Alternative capital reached new $96bn high at end of 2022: Gallagher Re
Alternative reinsurance capital, so the capacity deployed through insurance-linked securities (ILS) structures including catastrophe bonds, has experienced a return to growth in the second-half of 2022, ending the year 2% up at $96 billion, while traditional reinsurance capital shrank 14%, according to data from Gallagher Re.
In a report released today, broker Gallagher Re highlights that the decline in traditional reinsurance market capital continued through the second-half of 2022.
At the mid-year point, Gallagher Re had reported that total capital dedicated to the global reinsurance industry fell by around 11%, to $647 billion, down from $729 billion.
By the end of 2022, that total dedicated reinsurance capital figure had fallen a further 1.4% to $638 billion, but at the same time alternative capital, through ILS structures and the like, had risen from $94 billion at the middle of 2022 to $96 billion by the end of last year.

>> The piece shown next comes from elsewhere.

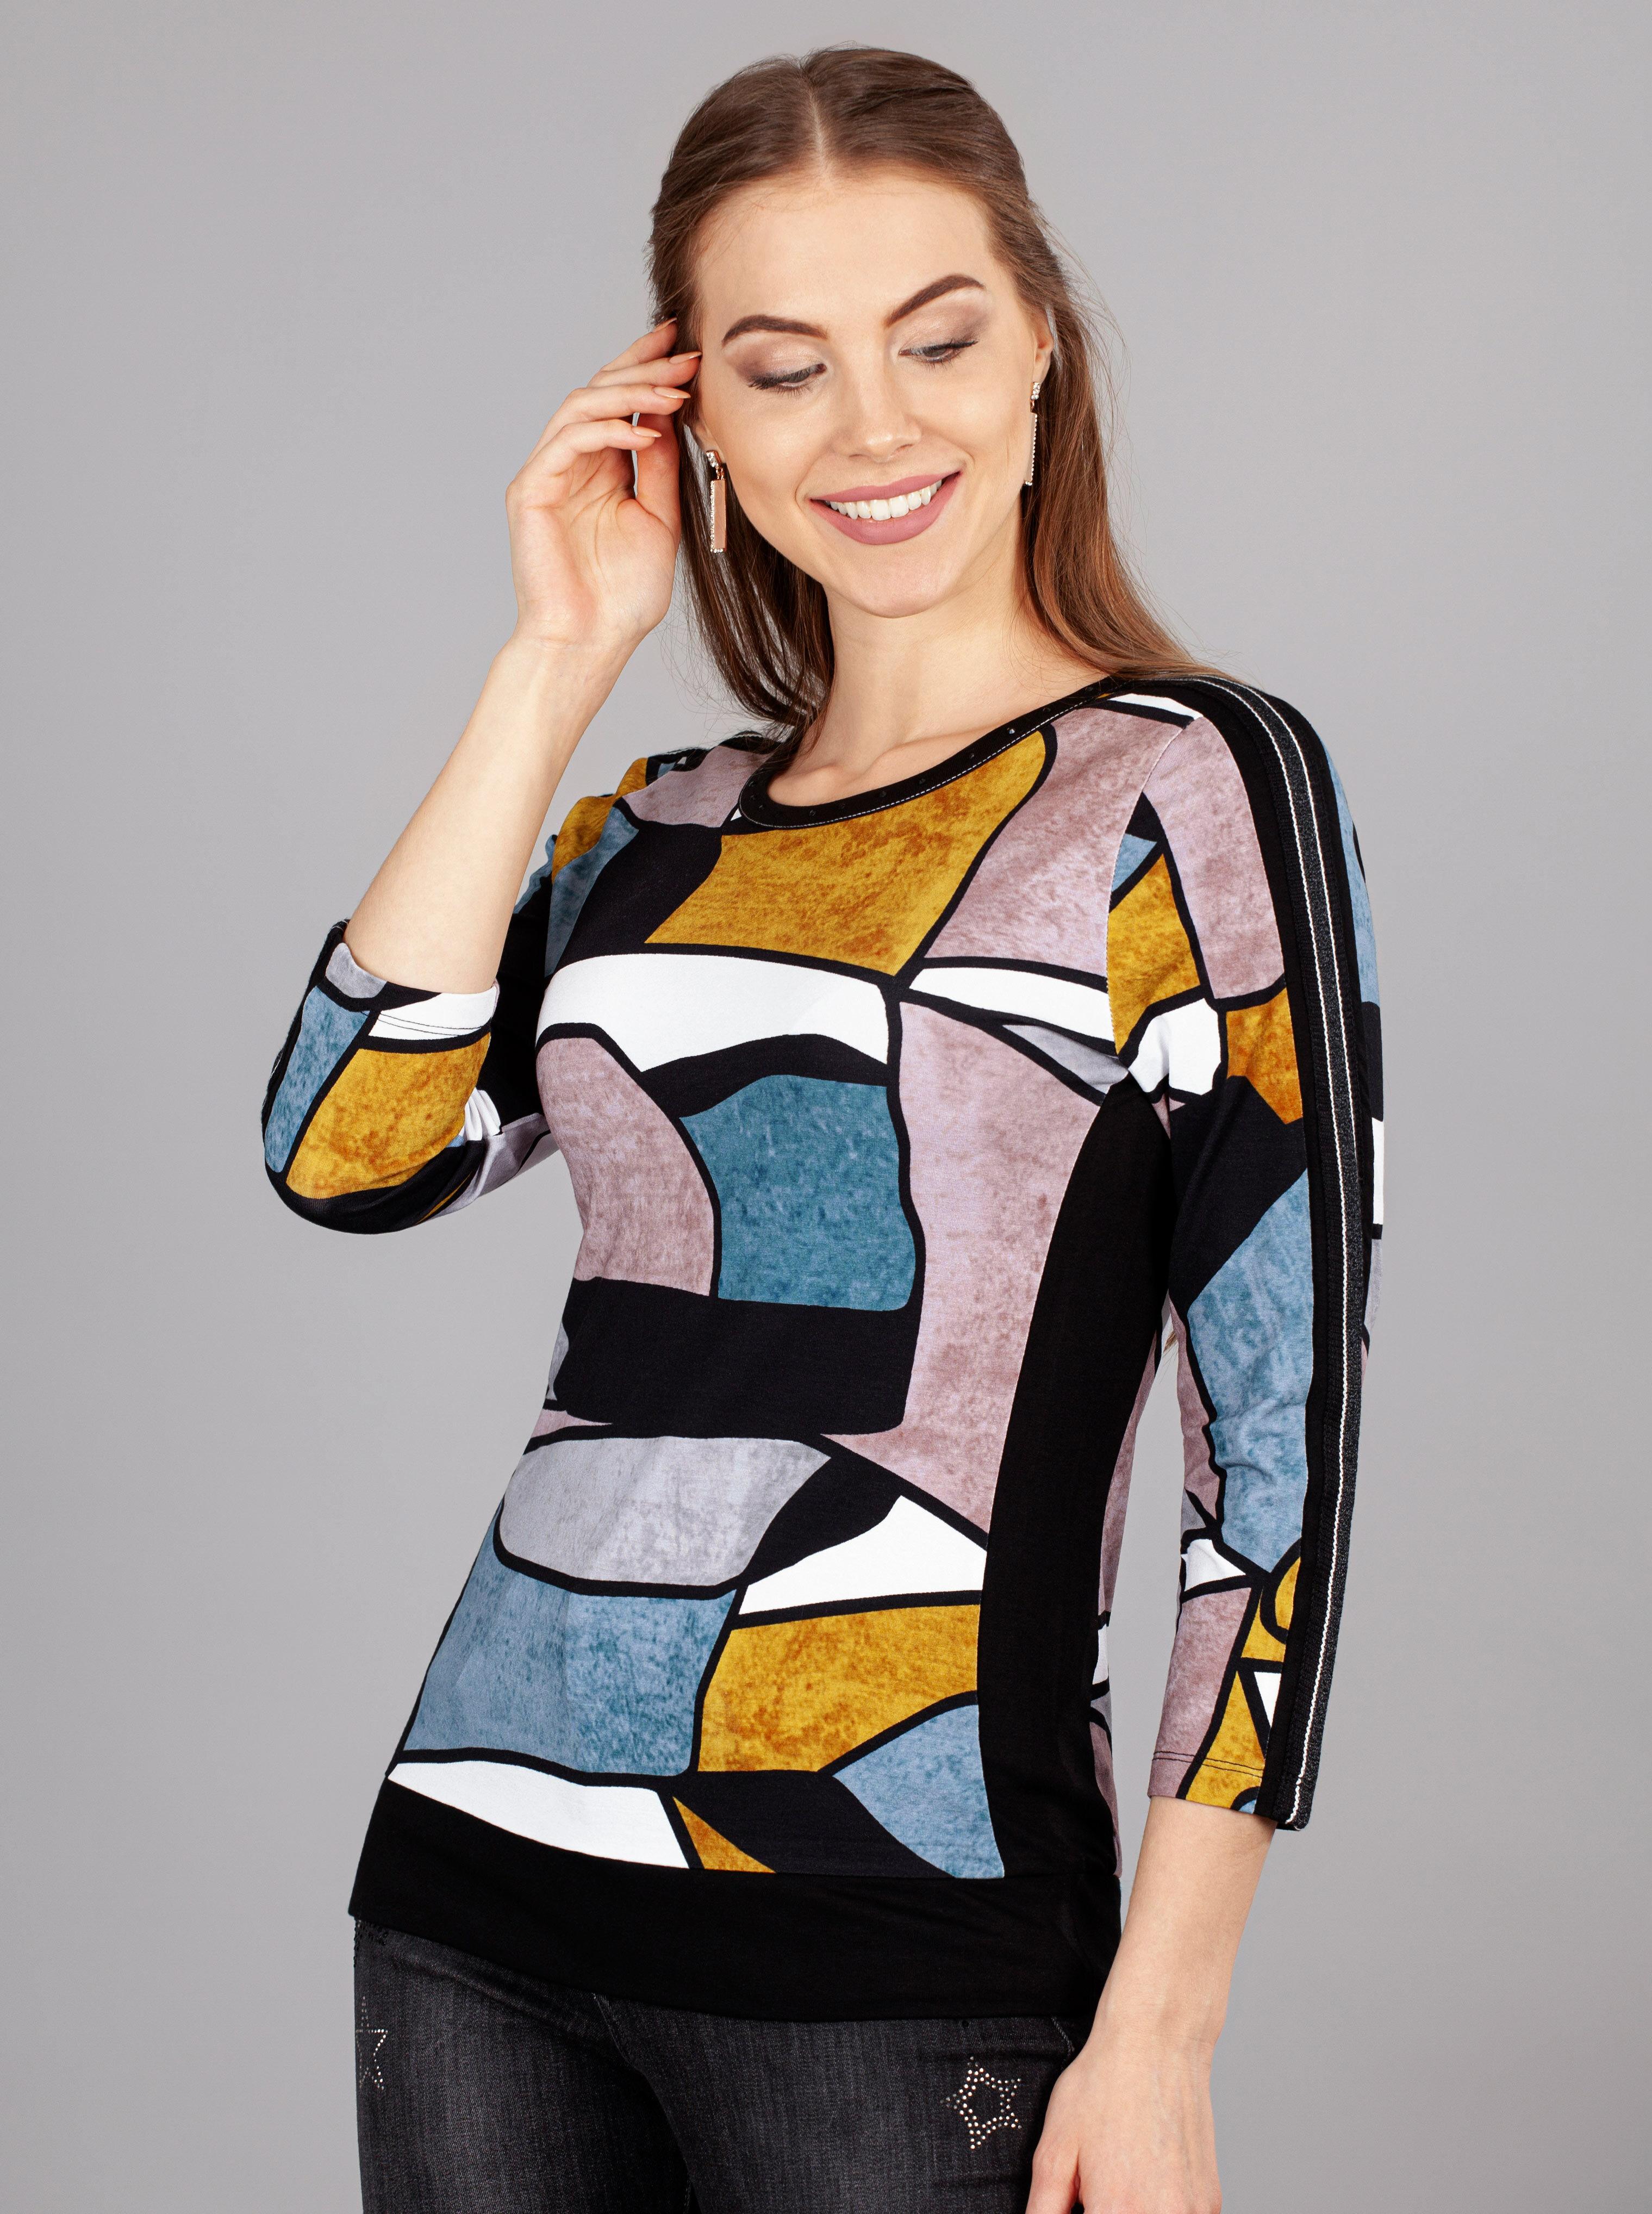 Simply Art Dolcezza: Lost In Time Fancy Wearable Art T-Shirt Dolcezza_simplyart_70691

That’s a record level of alternative capital in the reinsurance industry, at the end of last year according to Gallagher Re’s figures.
While there will undoubtedly be trapped collateral within this number, it’s a positive reflection of the ILS market’s continued recovery after a number of catastrophe loss challenged years.
Citing a “conspicuous absence of new capacity, despite the potential attraction of much tightened pricing and terms and conditions,” Gallagher Re noted that the drop in traditional reinsurance capital has been entirely driven by the recent decline in the value of investments, across all major asset classes.
As a result, Gallagher Re said that it still believes “the global reinsurance industry’s capital position remains robust.”
Adding that, for the reinsurance sector, “in economic terms solvency remained strong and in fact generally increased during the year.”
However, the broker also pointed out that while the capital position of the industry is still strong, demand for reinsurance protection has continued to rise, with a sharp increase in 2022, principally driven by inflation.
This growth in alternative and ILS capital to a new record level, at least by the metrics of one broker, reflects the still growing importance of ILS structures and third-party capital sources in the global reinsurance industry.